*Problem details*:
Write out the data word for word and drop any picture you find.

*Data provided*:
* * * *

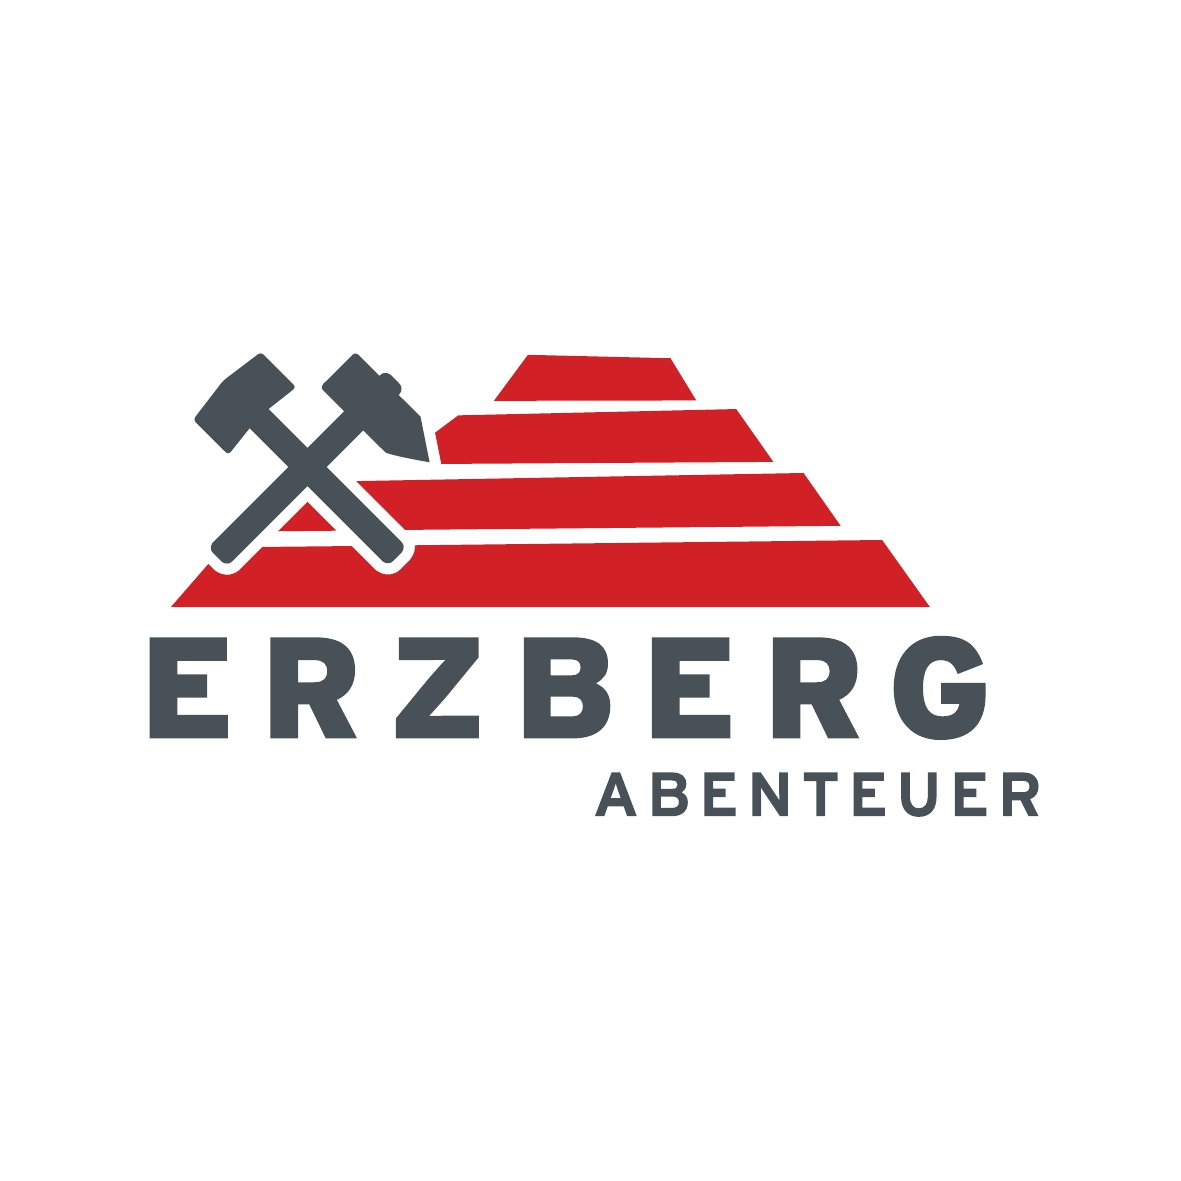 Logo Erzberg Abenteuer 4c ZW
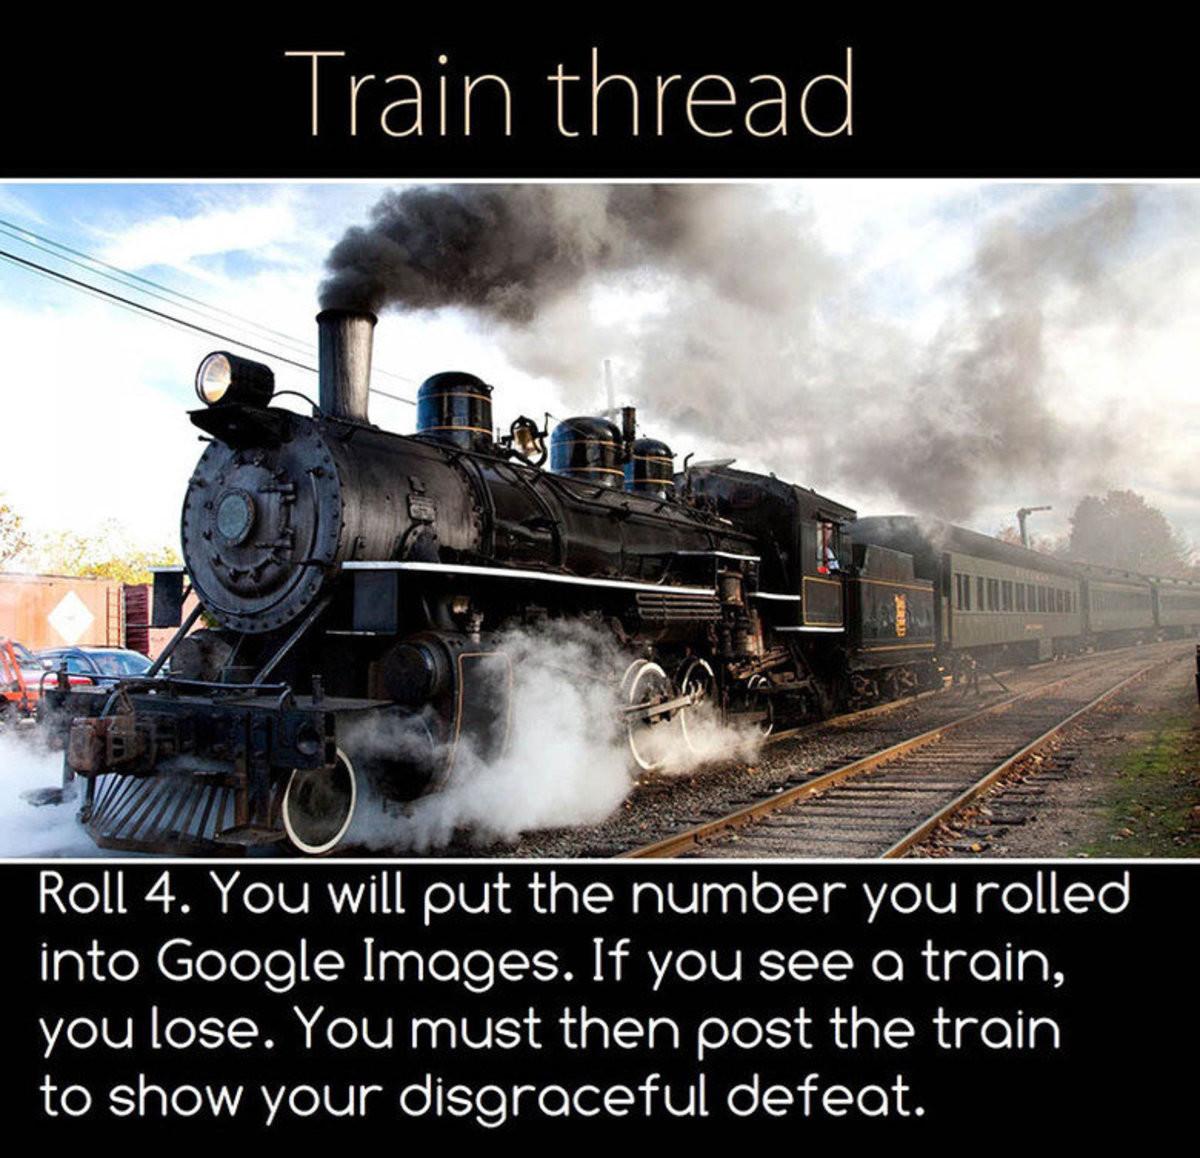 Train+game+rollbutton+large+000000+fffff
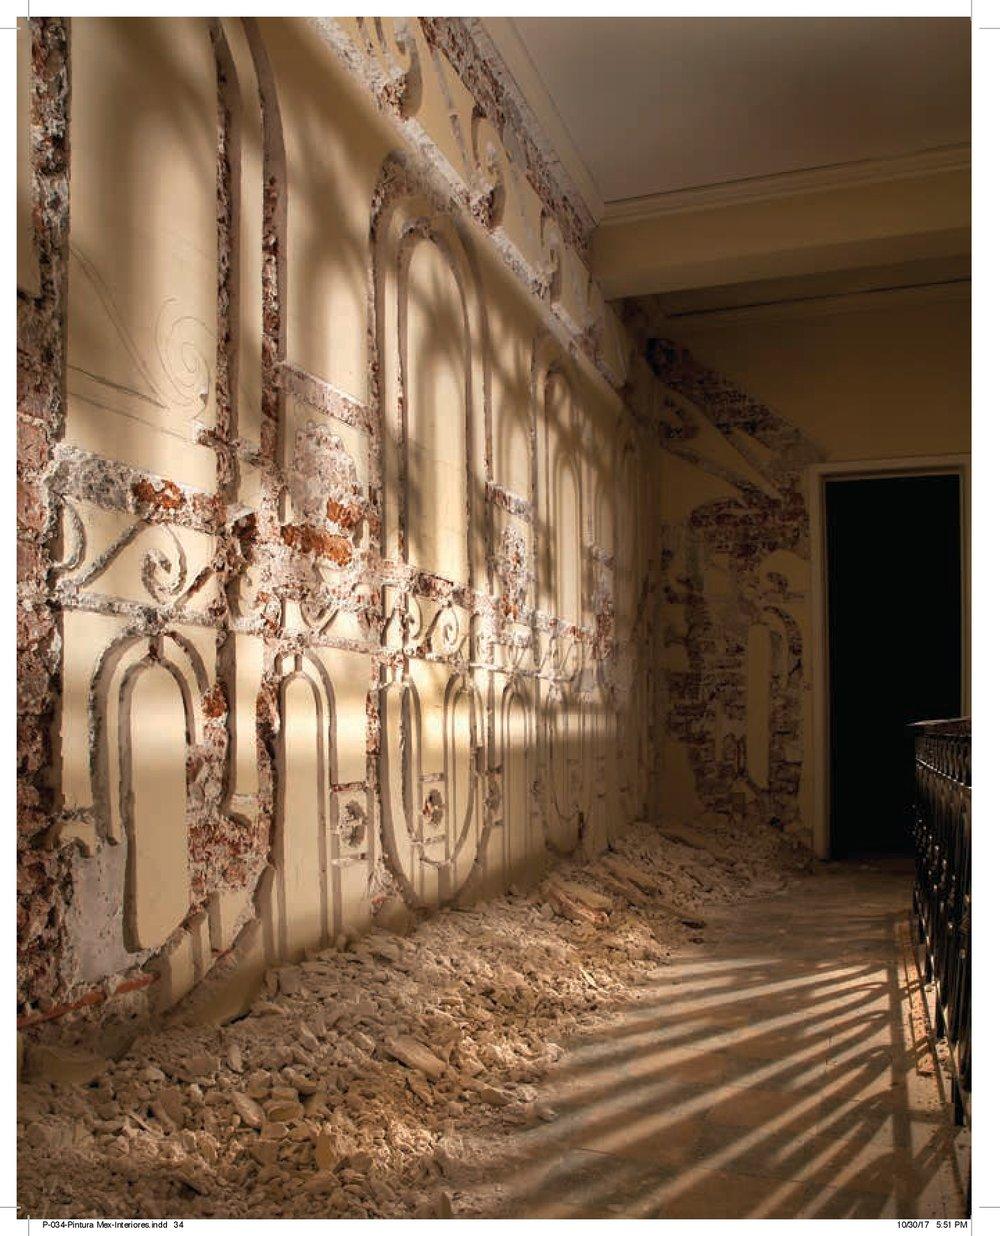 P-034-Pintura-Mex-Interiores-L04-3-034.jpg

* * * *

*Solution below*:
 Logo Erzberg Abenteuer 4c ZW
 Train+game+rollbutton+large+000000+fffff
 P-034-Pintura-Mex-Interiores-L04-3-034.jpg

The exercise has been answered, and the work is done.